Los agentes de la Brigada Política Social, el comisario Yagüe o Juan Antonio González Pacheco, Billy el Niño, se divertían entre grandes risotadas. Todos ellos llevaban chillonas corbatas de flores o dibujos de colores. También está el R-12 de don Alejandro, el párroco de Hoyo que había asistido a los fusilados. El coronel del Ejército al mando les calla con un grito: "¡Silencio. Aquí van personas!".
Los tres periodistas conseguimos entrar a tiempo para ver la entrada de la comitiva, con el coronel en cabezan, seguido de un teniente y un sargento. Detrás, doce jóvenes soldados de la Policía Militar -cuatro por ataúd- llevan los féretros a hombros. Con el casco en posición reglamentaria en la mano libre, ven cómo sus guantes blancos se tiñen de rojo porque la sangre no para de rezumar por entre los tablones de las cajas. Una vez los ataúdes en sus fosas, el coronel, por sorpresa, ordena abrir la caja de Xosé Humberto Baena para el reconocimiento.
El impacto es terrible entre los familiares. También para este periodista que se había colado entre ellos. La ropa flotaba en el cuerpo exangüe de aquel joven de 25 años. Chaqueta de lana marrón claro, pantalón azul y camisa blanca. Grandes manchones de sangre en el pecho, en una pierna y en la cara, que no ocultaban su reconocible bigote. Al fondo del ataúd, un charco de sangre se va filtrando a la tierra. A pocos metros, su padre, ya mayor y llorando con desconsuelo, está a punto de desmayarse. Le sujetamos entre dos personas. El siguiente es García Sanz.
En medio de aquel silencio -sólo se oyen los llantos contenidos de algunos de los familiares-, retumban los martillazos para abrir y cerrar los ataúdes. El coronel da las órdenes y los enterradores y los soldados, con no poco trabajo, bajan los ataúdes a las fosas. El hermano de Baena es el primero en lanzar un puñado de tierra. Lo hacen después otros familiares y abogados, y hasta el coronel, el teniente y el sargento hacen el mismo gesto. Después, educadamente, dan la mano a todos ellos.
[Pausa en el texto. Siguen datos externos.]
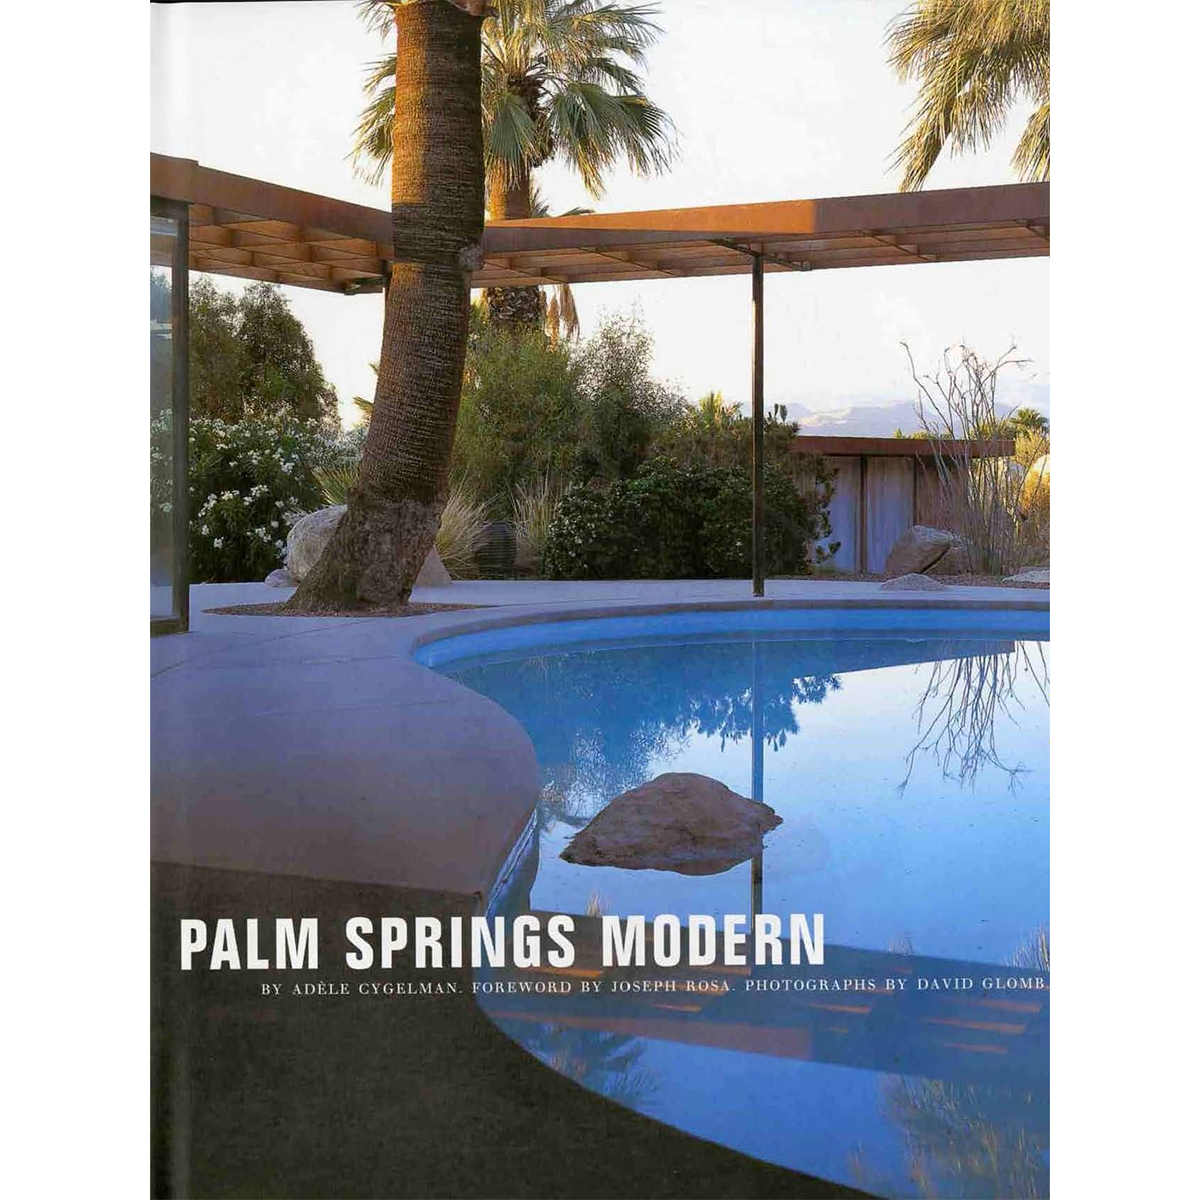 Palm Springs Modern: Houses in the California Desert
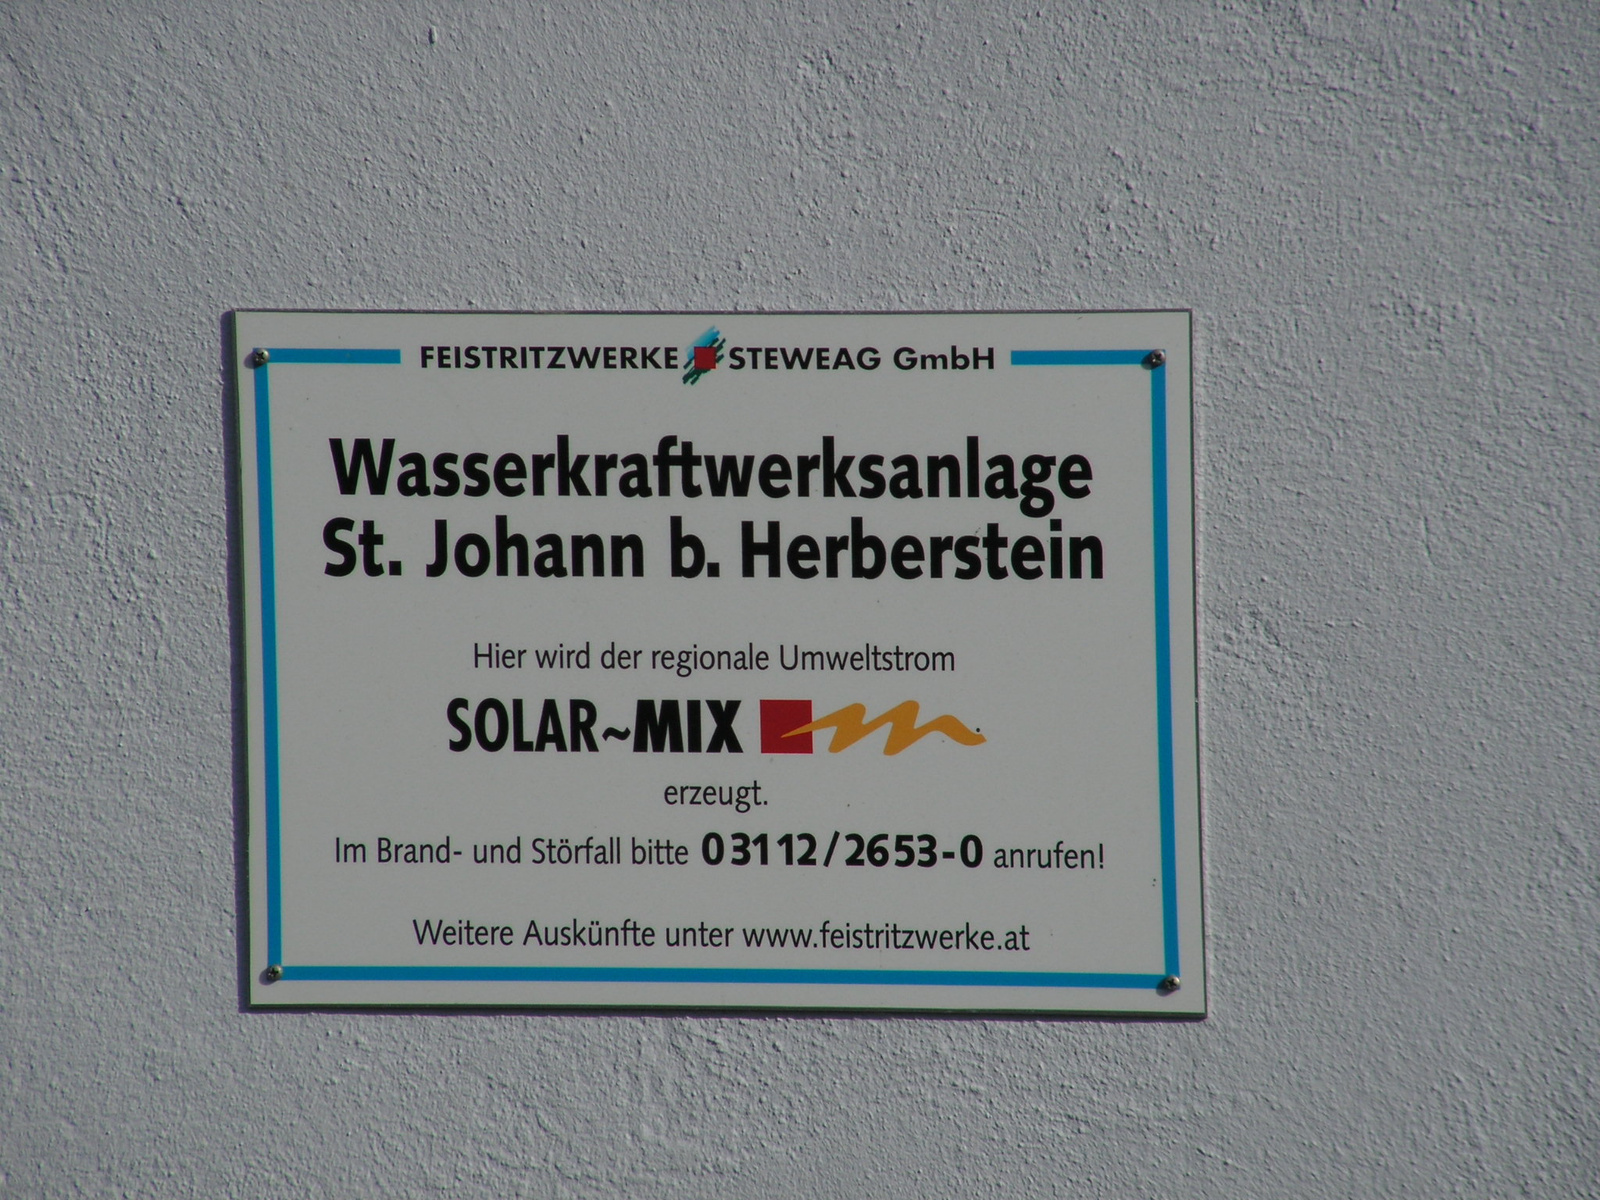 St. Johann bei Herberstein, vízi erőmű a Feistritzen,

Don Alejandro, el párroco, blanco como la pared, ya sin roquete y estola, entraba en su R-12 para volver al pueblo. "Puedo decirles que estuvieron muy enteros, muy fuertes. Para mí todo esto ha sido muy desagradable porque cuando me llamaron no sabía para qué era... No, ninguno de los tres quiso auxilios espirituales". [Años más tarde, don Alejandro contaría que esa mañana habían llegado al cuartel de Hoyo varios autobuses con policías y guardias civiles -muchos de ellos borrachos- para asistir a los fusilamientos].
Una hora después, este periodista escribe el relato de los hechos en la redacción de Posible, una revista democrática que conseguía sobrevivir entre multas y secuestros. Pero eran tiempos de censura y aquella crónica se quedó en el cajón. Pasaron tres años hasta que esta crónica -en 1978- pudo publicarse en una revista de historia.